Non lo lasciò parlare, mentre si alzava per sovrastarla.
«Sei tornato, prepotente e menefreghista. Hai invaso la mia vita, ora che iniziavo a riprendermi da te. Non puoi capirmi, non puoi affatto, Jack. Perché tu non sei me. E ti auguro di non esserlo mai», sprezzante, scansò lo sguardo di lui, sapendo di poter crollare da un momento all’altro.
«Ho tentato di starti lontano», scoppiò lui, afferrandola di spalle, «Non ce l’ho fatta».
«Sei un bugiardo!», esclamò la ragazza, in preda al panico, «Sei soltanto un insulso ragazzino bloccato nel corpo di un uomo che continua a pensare al suo futuro con pesci rossi e anguille attorno, una tavola da surf e una capanna di paglia sulla spiaggia.

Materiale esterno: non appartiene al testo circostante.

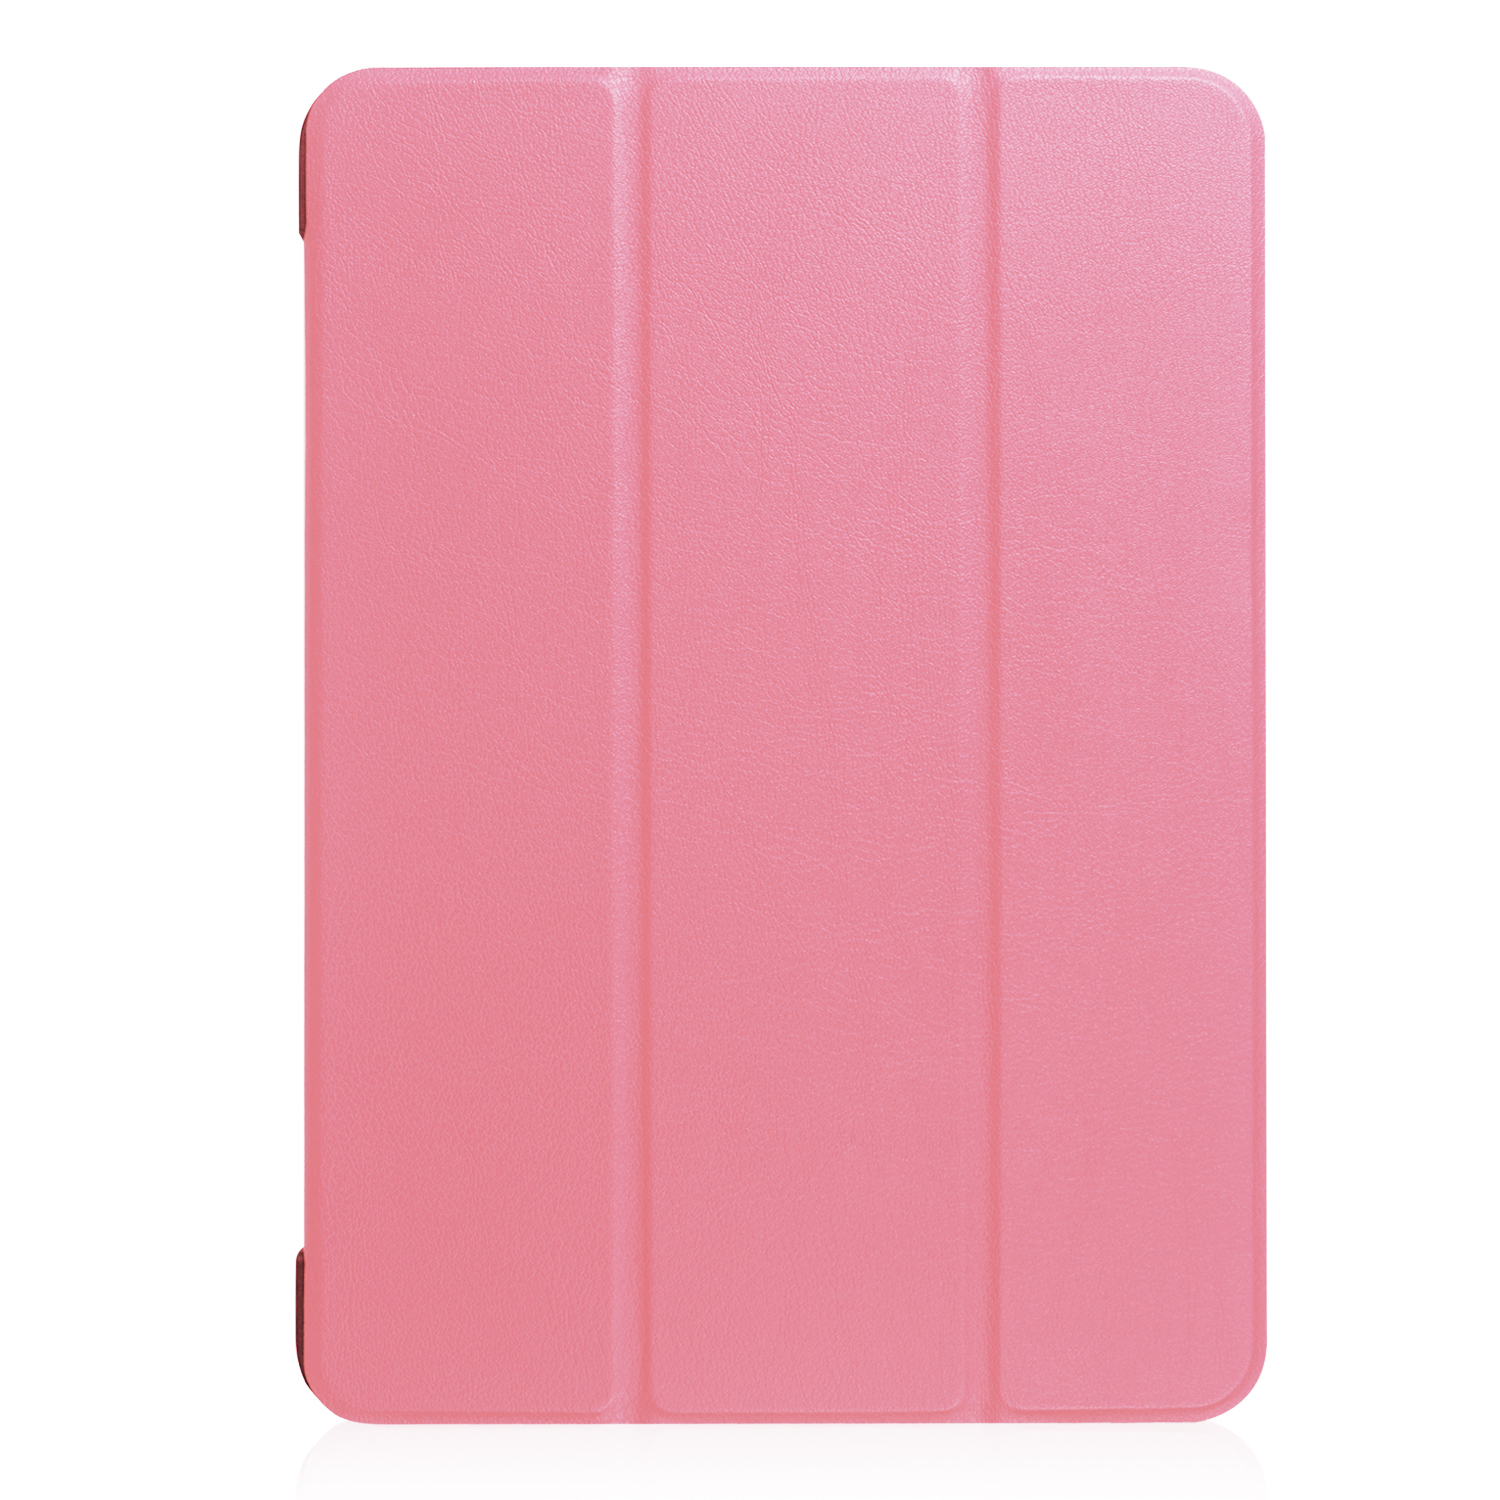 LOBWERK Hülle Schutzhülle Bookcover für 2019 Apple 3 2017 10.5 Rosa Zoll iPad Air Kunstleder, iPad Pro
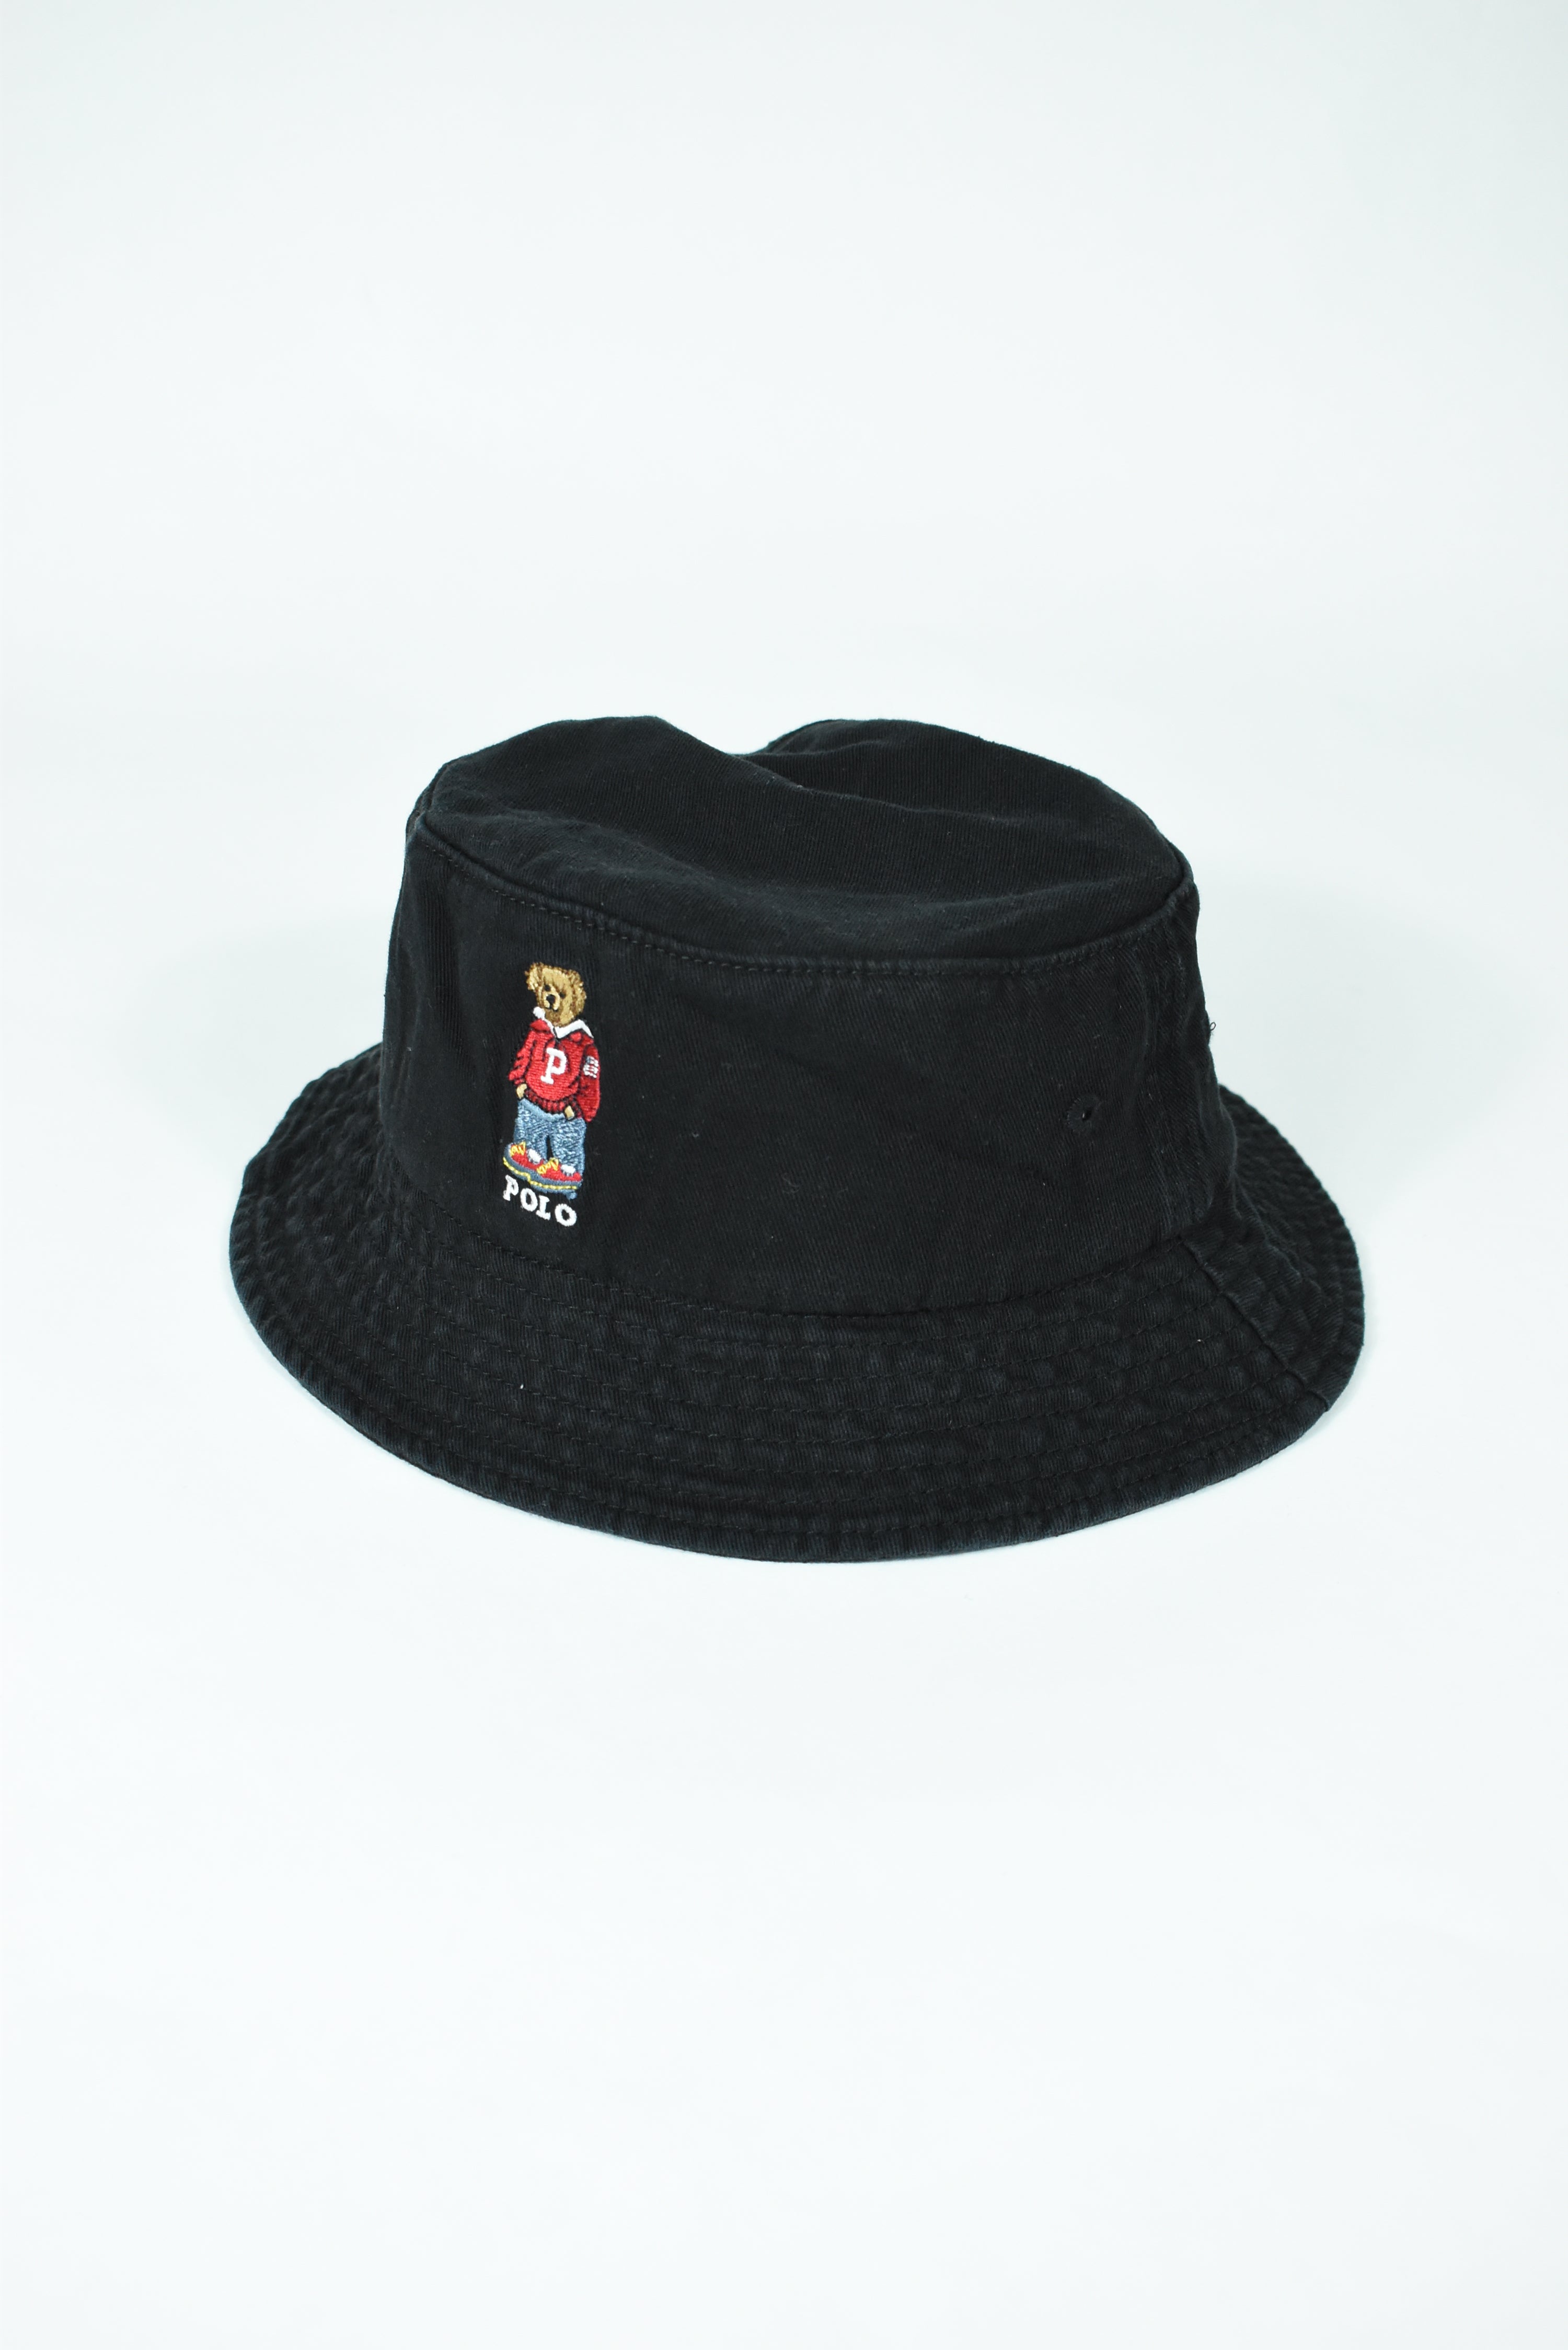 New Black RL Polo Bear Embroidery Bucket Hat

Quando aprirai gli occhi e capirai che nessuno è disposto ad aspettarti, Jack?», parole ricolme di risentimento le uscirono dalle labbra e si scansò, come se la sola vicinanza potesse corroderla.
Jack fu tempestato da una raffica di schiaffi invisibili, si sentì dolere le guance per quell’ammissione veritiera e dischiuse le labbra per replicare, ma nessuna parola gli uscì dalla gola.
Aveva sempre creduto che lei ci fosse stata per lui; nonostante tutto, sarebbe rimasta al suo fianco, l’avrebbe appoggiato e accolto come un porto sicuro. La realtà gli era stata sbattuta in faccia come una ventata d’aria gelida e sussultò, comprendendo ciò che con un soffio aveva sempre tentato di spiegargli: nulla era per sempre.
«E tu?», le agguantò il viso tra le mani e la guardò, con disperazione, «Tu non sei disposta ad aspettarmi?»
Meredith sentì il cuore cigolare.
Il ragazzo di cui tempo addietro si era invaghita era lì, sotto i suoi occhi, ad implorarla di tenerlo con sé, d’ospitare ancora l’amore che provava per lui senza accantonarlo. Le stava chiedendo asilo.
E il suo cuore non poteva rifiutare.
«Ti ho aspettato», mormorò, una lacrima a rigarle la guancia.
«Sono qui, adesso», soffiò, fronte contro fronte.
«Adesso, Jack, non è abbastanza», altre lacrime le solcarono il volto, «Non sarò io a dirti cosa fare, non di nuovo. Se pensi che la tua vita sia su quella nave, allora va’, cerca altrove la tua felicità».
Quella resa lo spiazzò, sentì il cuore diramarsi e soffrì silenziosamente per quell’abbandono. Doveva ammetterlo, doveva riconoscere che Meredith era divenuta l’unica sua ancora di salvezza.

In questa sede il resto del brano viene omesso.